Six Songs Inspired By Real-Life Events
Musicians are people too, and, like all artists, when they have a real-life event that impacts them, they find a kind of catharsis or release in expressing it in their artwork. Sometimes that results in a very heavy tune, and other times it ends up being light-hearted fun that generations of fans play without ever knowing the story behind it. Here's some random examples of when real life writes the lyrics:
"All My Love" - Led Zeppelin
The event was the death of Robert Plant's son, Karac Pendragon, who died from a virus infection. This tragedy led Led Zeppelin to cut short their 1977 tour. Plant did the vocals in one take, putting his whole soul into it, as always.
"Tears in Heaven" - Eric Clapton
An even more famous mourning song, this was Clapton's way of mourning his four-year-old son Conor, who fell out of the window of a 53rd-story window in New York in 1991. Clapton retired the song from his live shows after four years, saying that he no longer wished to perform it, even though it was one of his most famous songs.
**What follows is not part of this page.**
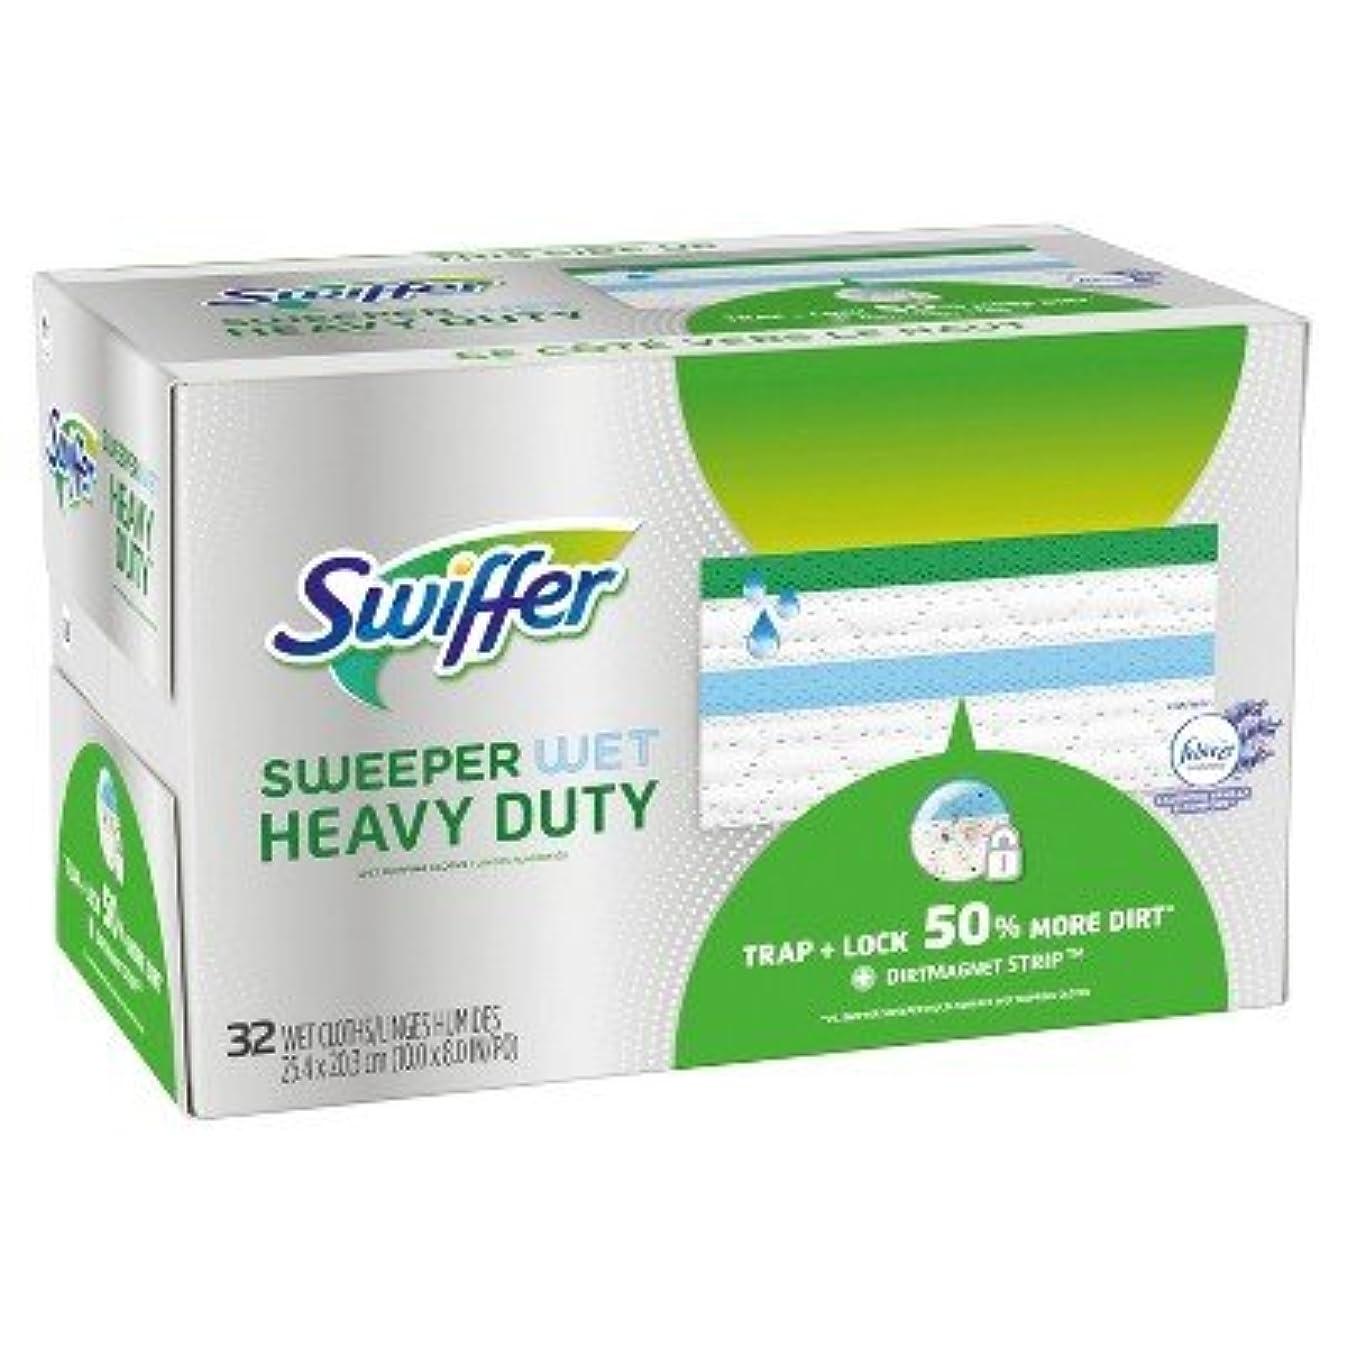 Swiffer Sweeper Heavy Duty Wet Cloths - 32ct Multicolor

"Ohio" - Crosby, Stills, Nash & Young
We could just about write a book on the songs that covered this event, but this was probably the most notable song about the shooting of unarmed college students by members of the Ohio National Guard on Monday, May 4, 1970, now known as "the Kent State shootings". Lest we are tempted to trivialize the event based on the body count, the National Guard fired 67 rounds into a crowd of unarmed students, wounding another nine students including one who remained paralyzed for life. The students were protesting Nixon's invasion of Cambodia.
"For What It's Worth" - Buffalo Springfield
Neil Young and Stephen Stills just about made a career out of songs about civil unrest; along with the above song, "For What It's Worth" is about minor riots breaking out on the Sunset Strip in Los Angeles, California, in 1967, which foreshadowed the Kent State shootings and the growing civil unrest between American youth and American politicians - by the way, do you need us to tell you that it's just as relevant this minute as it was in 1967?
"Trouble Every Day" - Frank Zappa
California is one place that was just riddled with riots in the 1960s, and this time Frank Zappa and the Mothers of Invention documented the Watts, California, riots of 1965. That was the most severe riot in Los Angeles history until the 1992 Rodney King riots, by the way. In the Watts riots, 34 people were killed and over a thousand injured. Zappa's song captures the all-encompassing theme of racial conflict, as well as the overlying media circus that both fed upon and made a spectacle of the event.
"Smoke on the Water" - Deep Purple
Aaaaaand, Frank Zappa neatly brings us to our last song, in which Deep Purple writes about him! This is perhaps one of the most famous songs about a real-life event - certainly it's considered Deep Purple's signature song. You don't need us to tell you the story about how "some stupid with a flare gun" set off pandemonium and fire at a concert in Montreux, Switzerland in 1971, do you?